# My next prop



## Devil (Nov 10, 2008)

OK getting ready to start my next prop build..!
Anyone think they might know what it's going to be?


----------



## Draik41895 (Oct 25, 2008)

A giant spider?


----------



## Wildcat (Nov 3, 2007)

The lights are dim in the graveyard only a few shadowy figures can be seen. 
Then from above a large disco ball descends and the all the skeletons creep up from the grave and start dancing in unison to........

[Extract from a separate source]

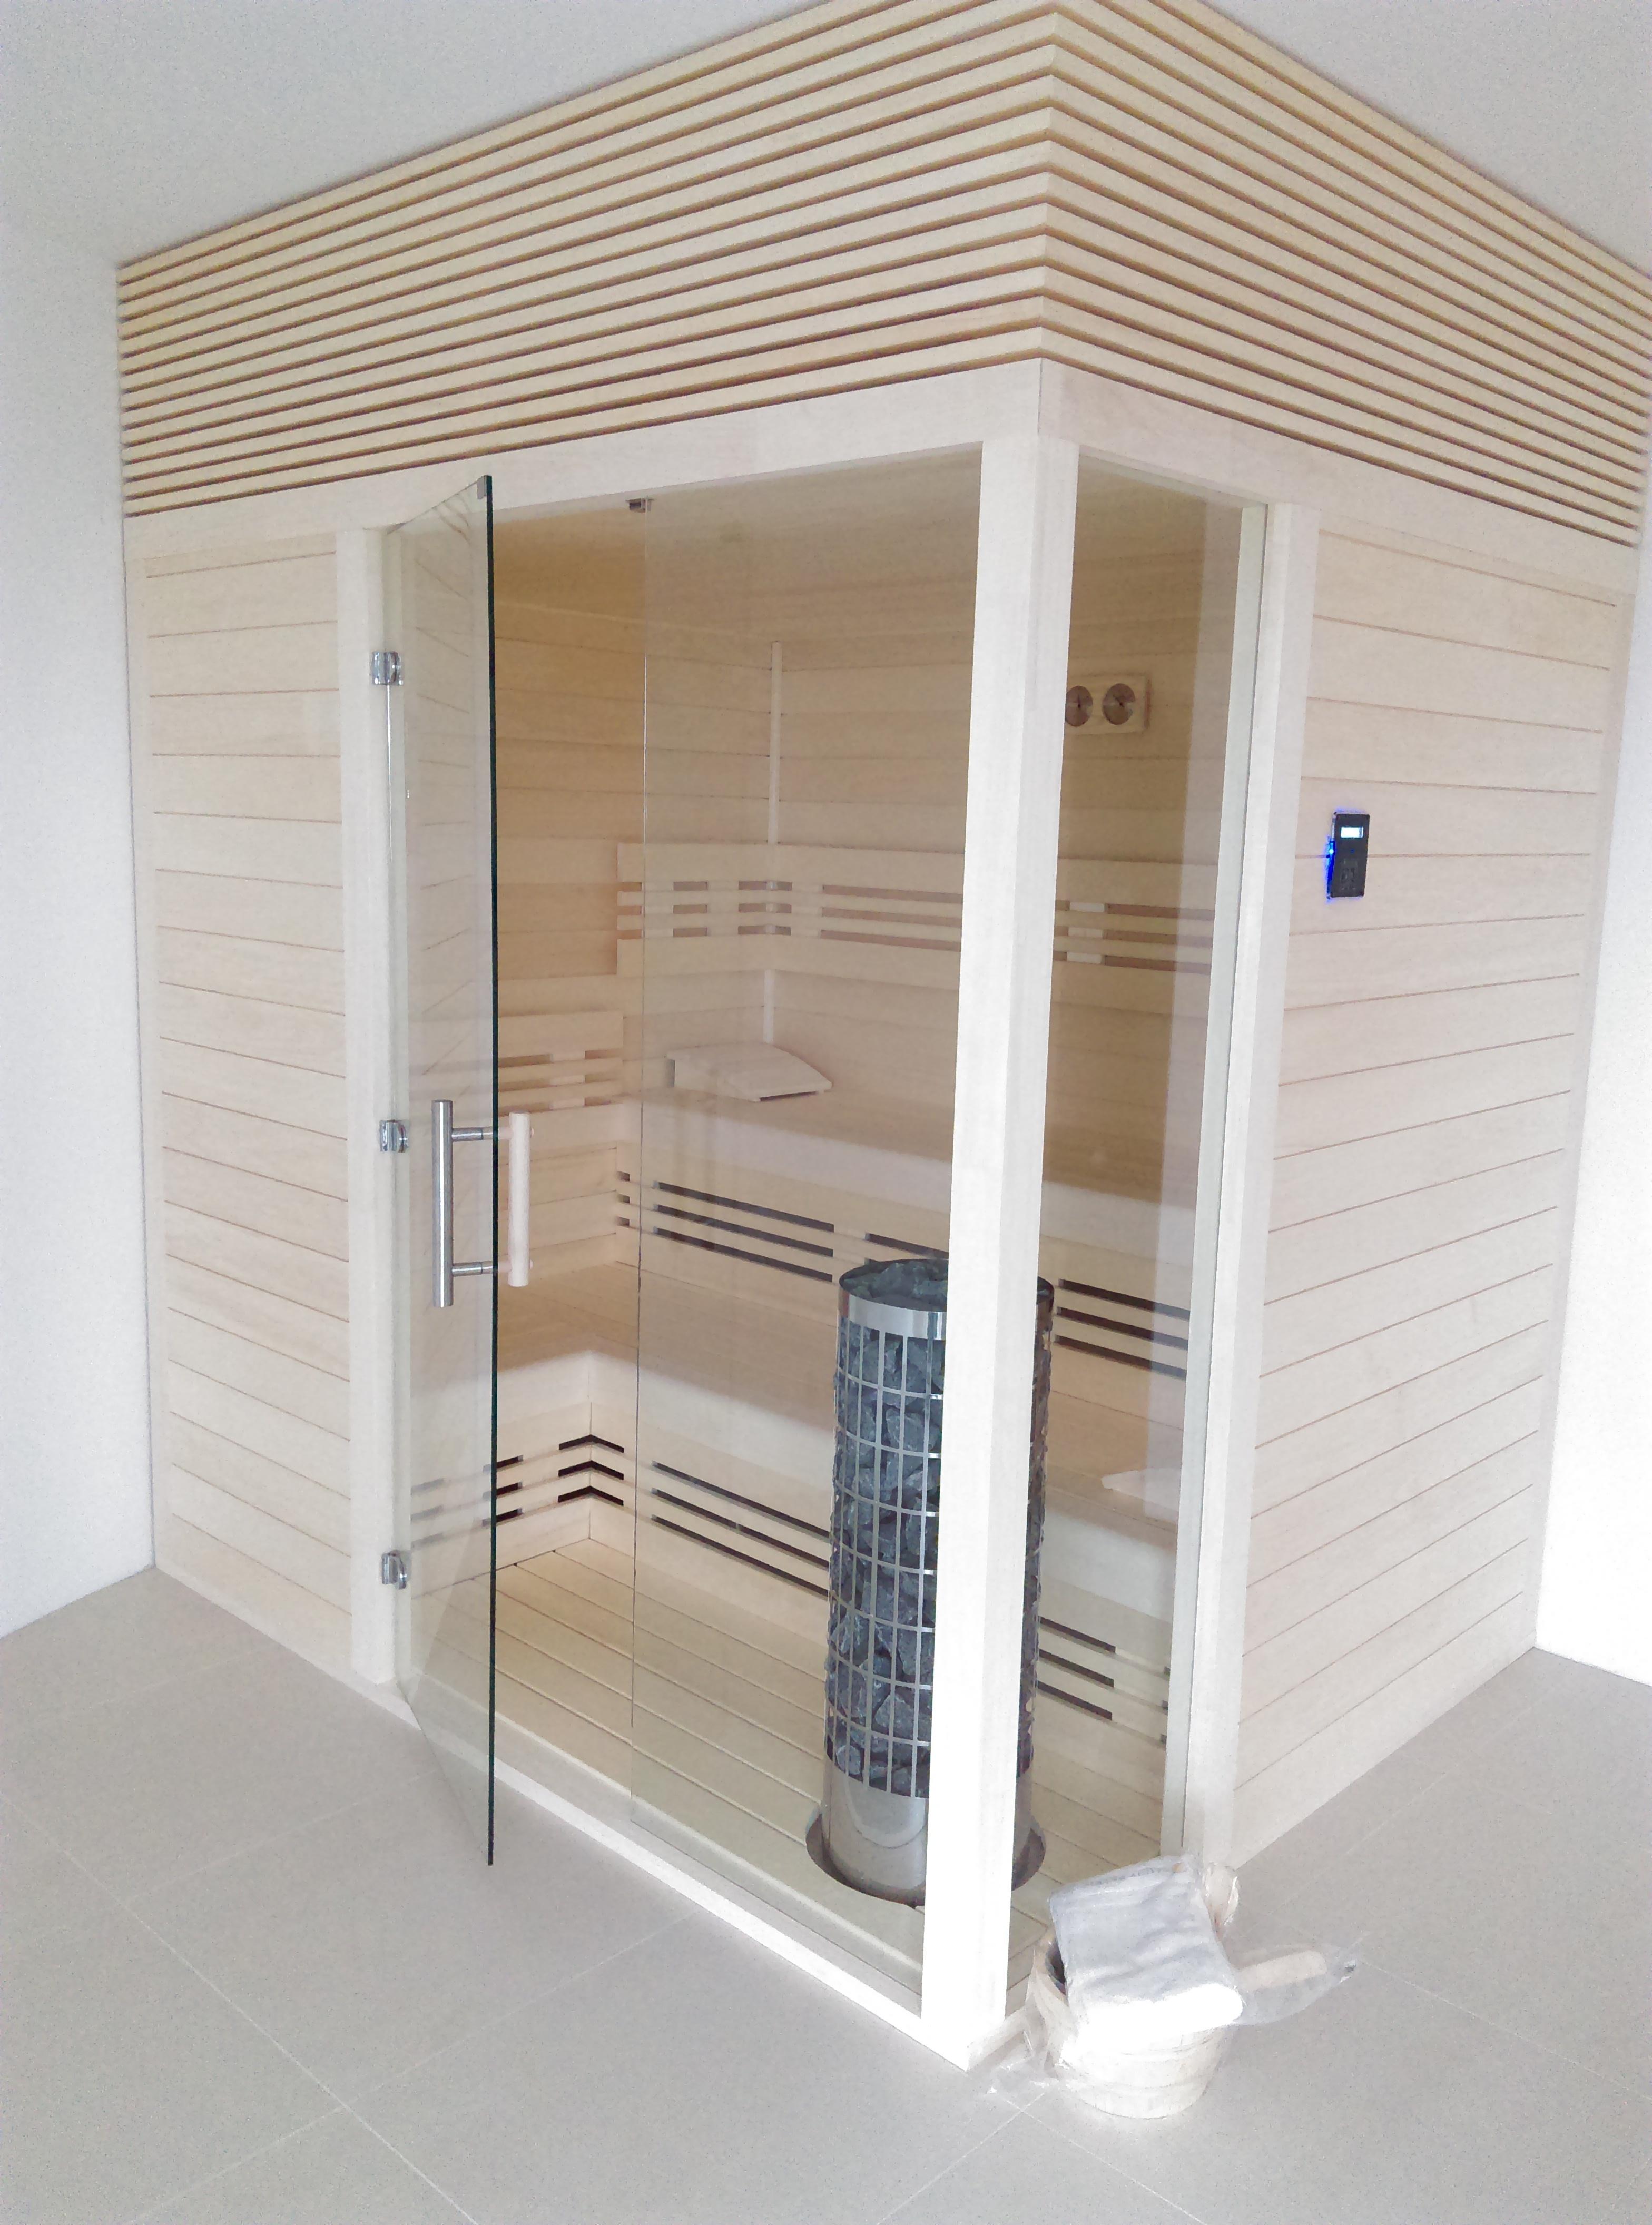 Biela osika - sauny na mieru

"Ah Ah AH AH Stayin Alive, Stayin Alive"

Am I close?


----------



## Draik41895 (Oct 25, 2008)

That is one amazing idea


----------



## dubbax3 (Jan 22, 2008)

Wildcat said:


> The lights are dim in the graveyard only a few shadowy figures can be seen.
> Then from above a large disco ball descends and the all the skeletons creep up from the grave and start dancing in unison to........
> 
> "Ah Ah AH AH Stayin Alive, Stayin Alive"
> ...


I really think its possible I peed a little.....I dont care who knows!


----------



## Wildcat (Nov 3, 2007)

dubbax3 said:


> I really think its possible I peed a little.....I dont care who knows!

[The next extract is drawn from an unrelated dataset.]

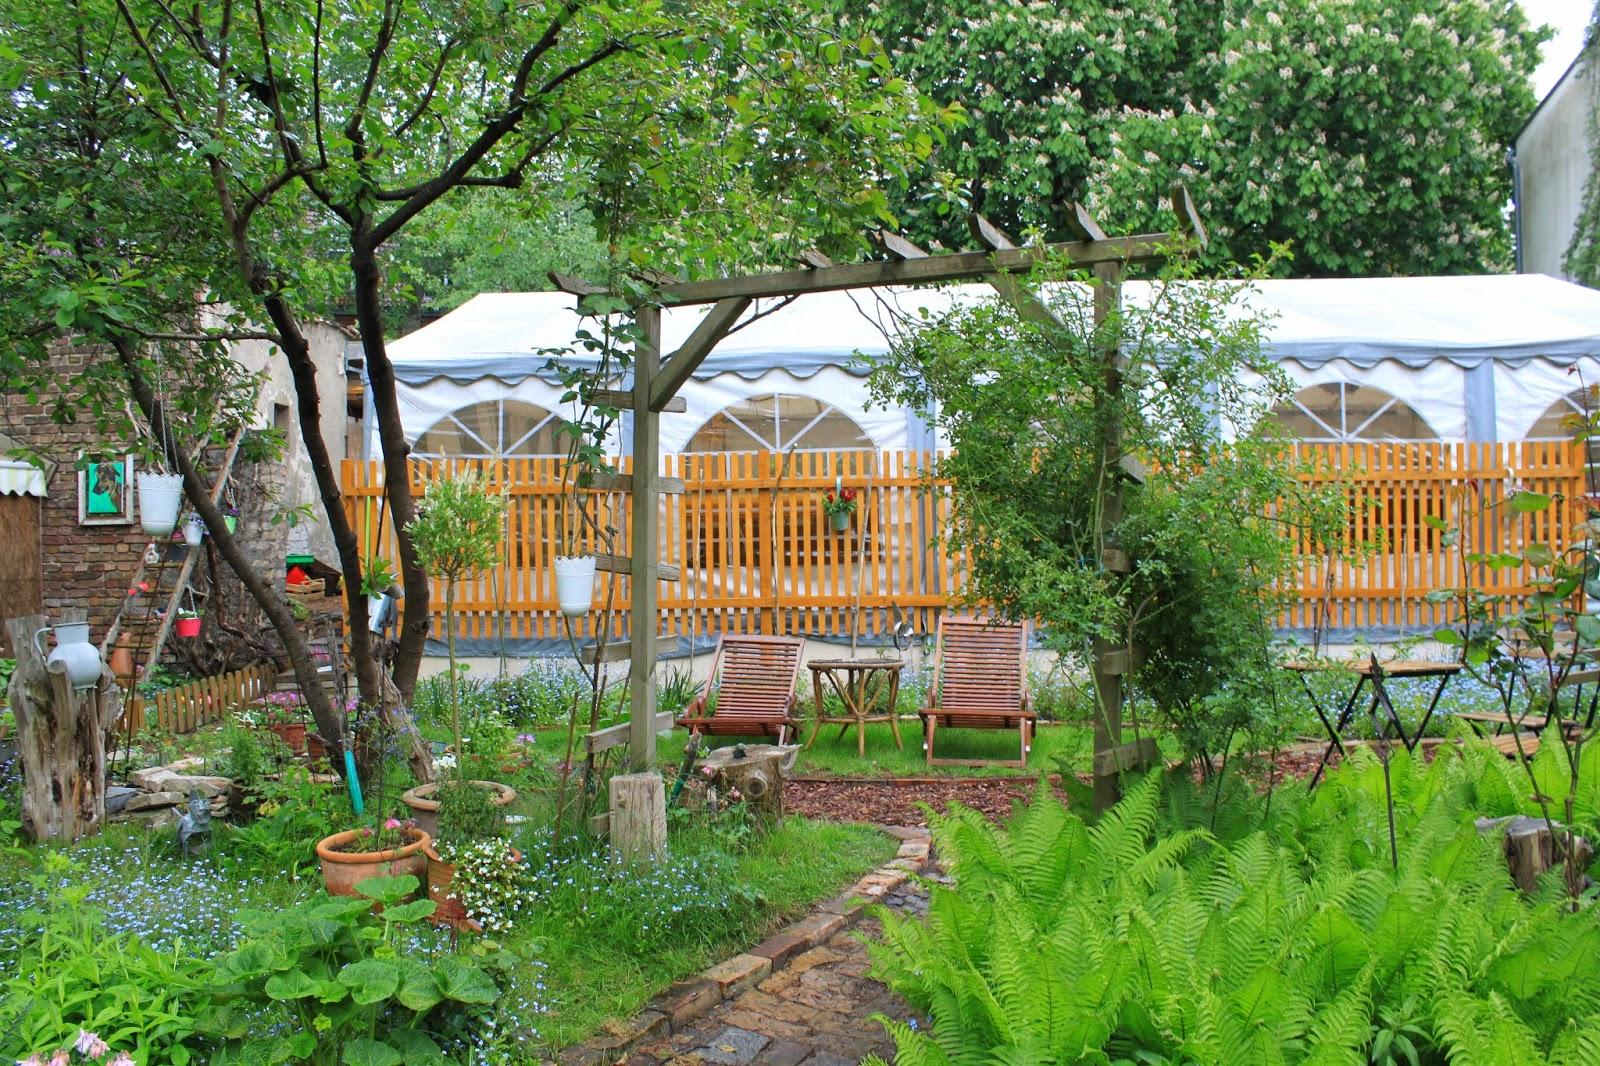 Sekretne ogrody w Rixdorf

I sitting here chuckling uncontrollably with my dog giving me that inquisitive yet afraid look.


----------



## RoxyBlue (Oct 6, 2008)

You know what's scary, Wildcat? I had the same thought as soon as I saw it - disco ball

I'm showing my age:jol:


----------



## Jaybo (Mar 2, 2009)

You are going to cover the balloon with Great Stuff expanding foam, then carve a pumpkin out of the foam. That's how Haunted Overload makes their pumpkins.


----------



## SuperCreep31 (Nov 22, 2009)

no he is making a spider egg sack... i think


----------



## RoxyBlue (Oct 6, 2008)

It could become a Jack Skellington head. I made one starting with a balloon once.


----------



## deathstaste (Apr 20, 2007)

one half of zombie Pam Anderson?


----------



## Moon Dog (Oct 3, 2006)

Thought Pam was a full fledged zombie as it is?


----------



## Devil (Nov 10, 2008)

WOW a disco ball *NOT* in this haunt LOL..! It going to be (I hope) I large spider to mount on the roof of the house. I start to cover it in paper-mache and I hope once it is protected it will make it 30+ days on the roof. I am really scrare that it going to fall apart before halloween.


----------



## Devil (Nov 10, 2008)

Well here what I got done today. It's drying so I hope to work on it on Monday or Tueday some more. So how many layers should I do?


----------



## niblique71 (Dec 2, 2009)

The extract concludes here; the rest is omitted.